I'm trying to understand the dependence of a function $\hat{f}$ selected by empirical risk minimization (ERM) on its finite sample $S$.
Suppose we have a dataset $S = \{s_i\}_{i=1}^m$ with $s_i := (x_i,y_i) \sim P$. Then for any $\hat{f}$ such that $$\mathcal{E}_{true}[\hat{f}] := \mathbb{E}_{(x,y)\sim p} [\mathbb{I}_{\{\hat{f}(x)\not=y\}}] = \pi,$$ we have that $e_{\hat{f}}(s) := \mathbb{I}_{\{\hat{f}(x)\not=y\}}$ is a random variable with $e_{\hat{f}}(s) \sim \text{Bernoulli}(\pi)$.
However, if we choose $\hat{f} \in \mathcal{F}$ according to some empirical risk minimization framework for a finite sample $S$, then we no longer have $e_{\hat{f}}(s) \sim \text{Bernoulli}(\pi)$ because $e_{\hat{f}}(s)$ depends on $S$ through choice of $\hat{f}$.
Can you help me clarify why $e_{\hat{f}}(s) \sim \text{Bernoulli}(\pi)$ doesn't hold in this case? I know that it has to do with using $S$ to both estimate $\hat{f}$ and estimate the error, but the details are eluding me (so I'm probably missing a fundamental probability explanation). It feels weird to me because for any given $f$ with $\mathcal{E}_{true}[f]=\pi$, we do have $e_{f}(s) \sim \text{Bern}(\pi)$.

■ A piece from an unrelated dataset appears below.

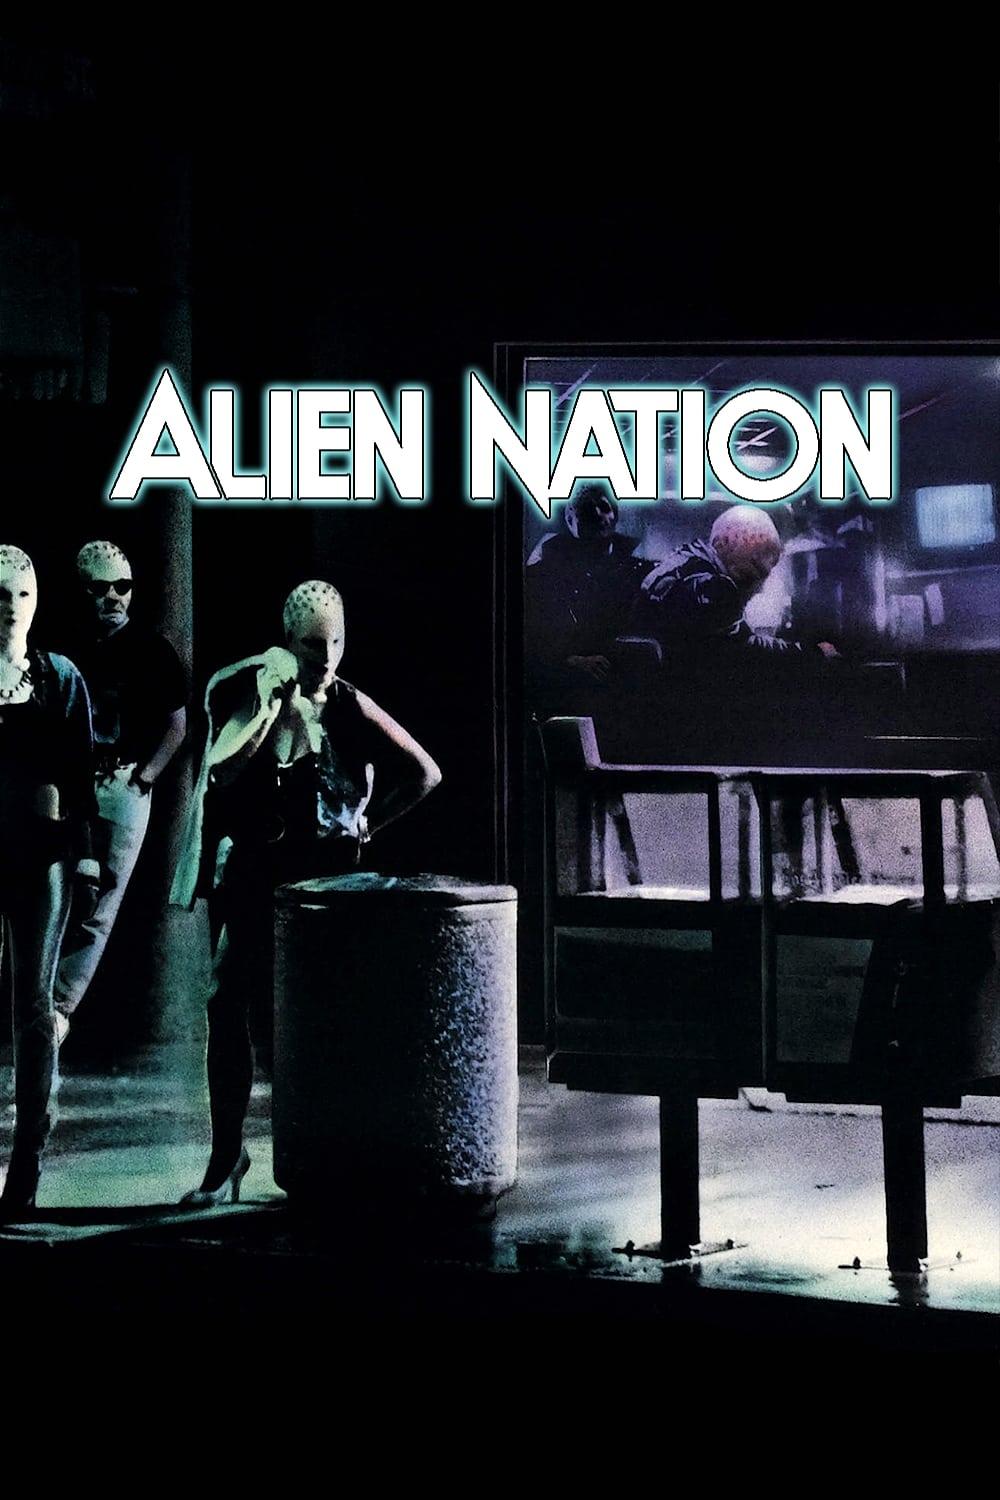 Alien Nation poster

Further, if we knew how $e_{\hat{f}}(s)$ were distributed in the case where $\hat{f}$ came from ERM, could we come up with better bounds than using the union bound?
I think there is an error in the first display in your question.
$E_{x,y}(1(\hat f(x) \neq y)) $ is still a random variable, since $\hat f$ is estimated from data. So it cannot equal a number $\pi$.